COMMISSIONER OF INTERNAL REVENUE.

No. 7700.

Circuit Court of Appeals, Seventh Circuit.

January 28, 1942.

Rehearing Denied February 18, 1942.

*341 Edward J. Hess and Charles P. R. Macaulay, both of Chicago, Ill., for petitioner.

Samuel O. Clark, Jr., Asst. Atty. Gen., and Michael H. Cardozo, J. P. Wenchel, J. Louis Monarch, Carlton Fox, and Joseph M. Jones, Sp. Assts. to Atty. Gen., for respondent.

Before EVANS and KERNER, Circuit Judges, and LINDLEY, District Judge.

KERNER, Circuit Judge.

Petitioner asks us to review an order of the Board of Tax Appeals sustaining a deficiency determination for the years 1930, 1931, and 1932, 25% penalty for 1930 and 50% fraud penalty for all three years, on the ground that petitioner had not included $10,000 protection payments received from dry cleaners in 1930, $5,000 received as a proprietary interest in the Drexel Cleaners in 1931, bank deposits in the name of M. L. Brunswick totaling $29,332.82 for 1931 and $50,114.29 for 1932, and $50,000 received as ransom money in 1931.

Concerning the $50,000 ransom payment in 1931, the facts adduced showed that Robert C. Fitchie, a man 74 years of age who had been president of the Milk Wagon Drivers Union for 32 years, was kidnapped on December 21, 1931; that Steve C. Sumner, pursuant to directions given to him by the kidnappers, placed $50,000 in currency which had been delivered to him by Brink's Express Company on the seat of his automobile and drove to a designated street; there he alighted and while standing at a point 25 feet from his automobile, he saw the petitioner take the money and drive away. The receipt of the $50,000 constitutes taxable income. National City Bank v. Helvering, 2 Cir., 98 F.2d 93. Petitioner denied that he had any connection with the kidnapping or that he had collected the ransom.

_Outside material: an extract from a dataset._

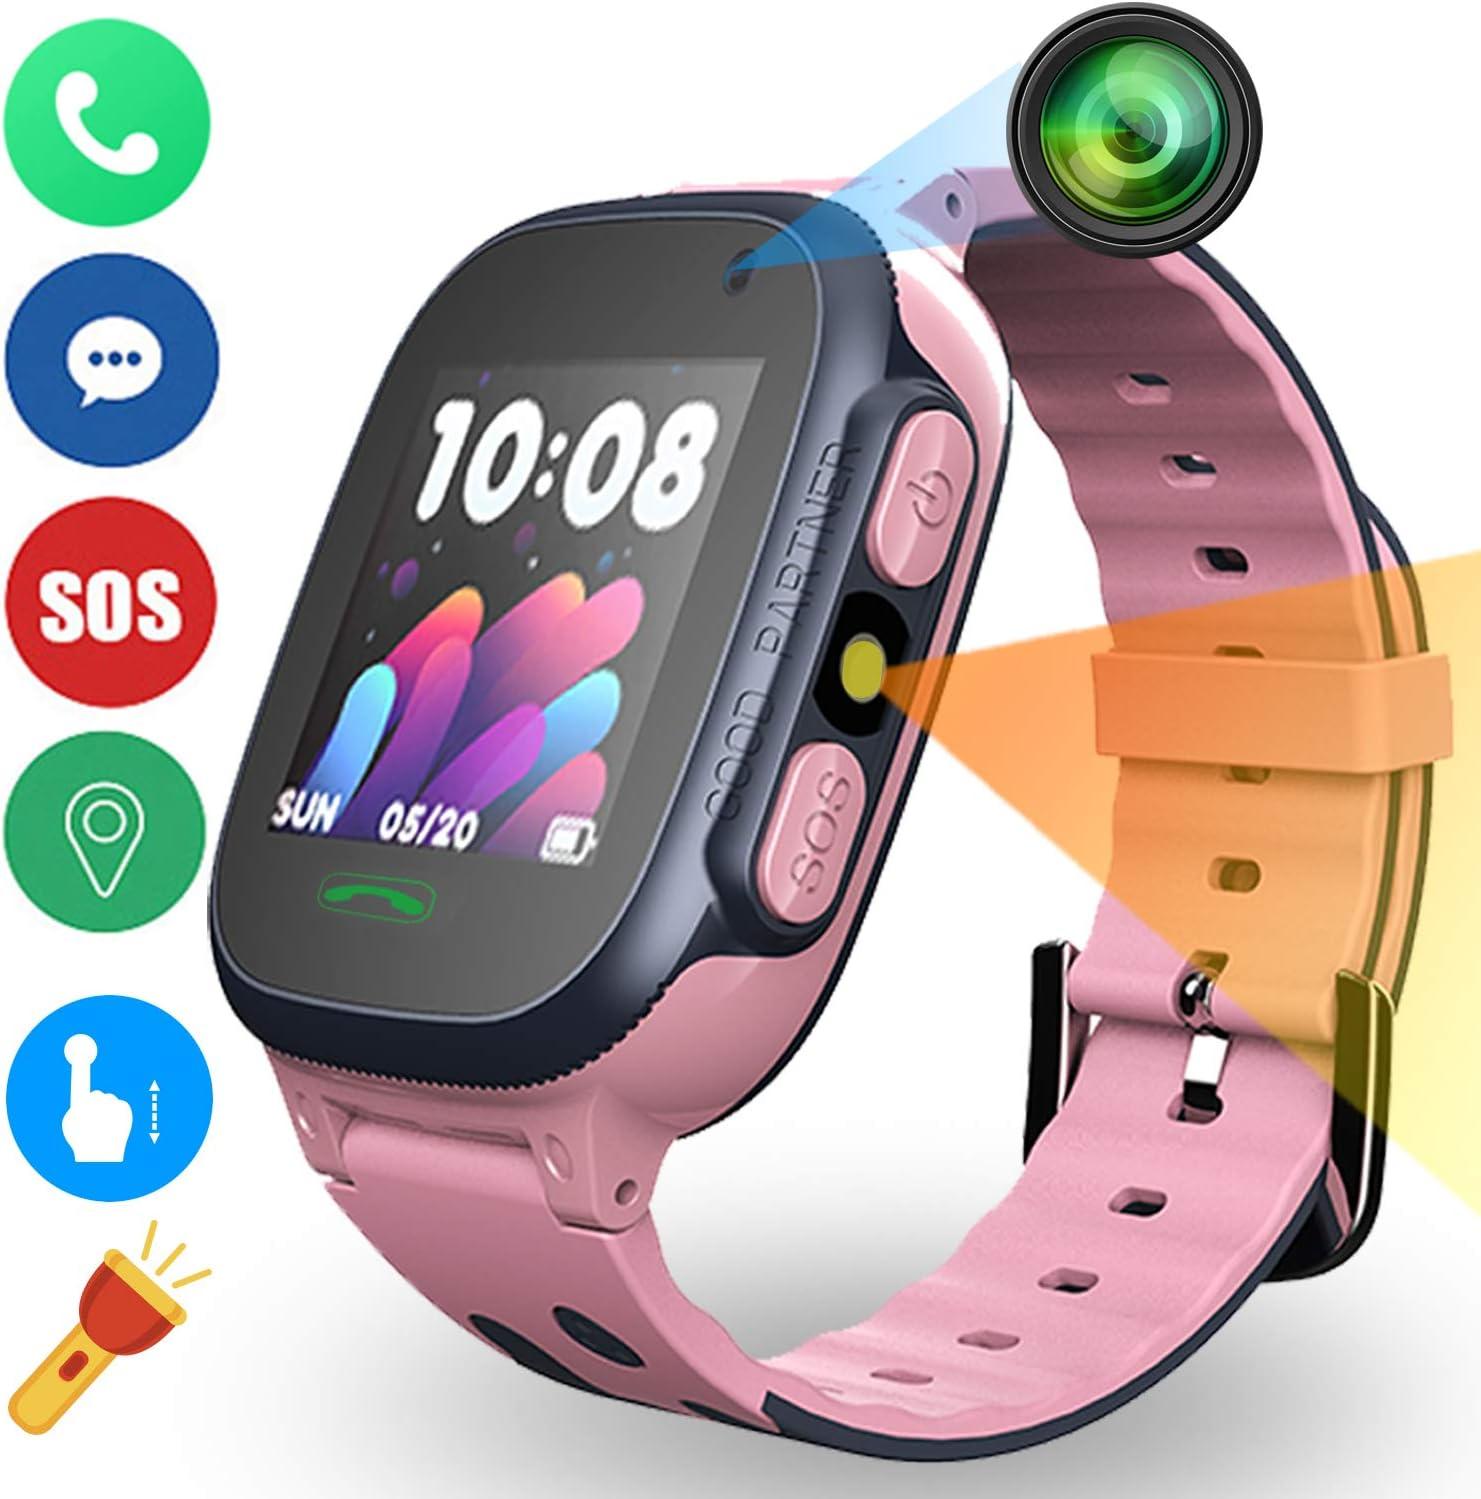 Niños Inteligente Relojes Telefono Estudiante, Relojes Smart Lata Realiza LBS Tracker Posicionamiento SOS Ranura para Tarjeta de Juego Juego de Reloj Inteligente, Regalo Infantil de 3 a 12 Años(Rosa)

The further controlling facts adduced at the hearing before the Board showed that during the tax years in question the petitioner was not engaged in any legitimate business. He was regarded as a gangster and racketeer. During 1929 various dry cleaning and dyeing establishments in Chicago were having trouble with a so-called labor organization and a meeting was held to discuss the matter. At the meeting one Ginsberg stated "he had a certain party that had influence with the unions" and if agreeable to those present, he would consult that party about providing protection. A week later another meeting was held and Ginsberg reported that he had made arrangements with the petitioner providing protection from further molestation for $10,000 to be paid by the establishments in weekly instalments. In 1930 that sum was paid to the petitioner. He admits receipt thereof, and claims it was included in his return.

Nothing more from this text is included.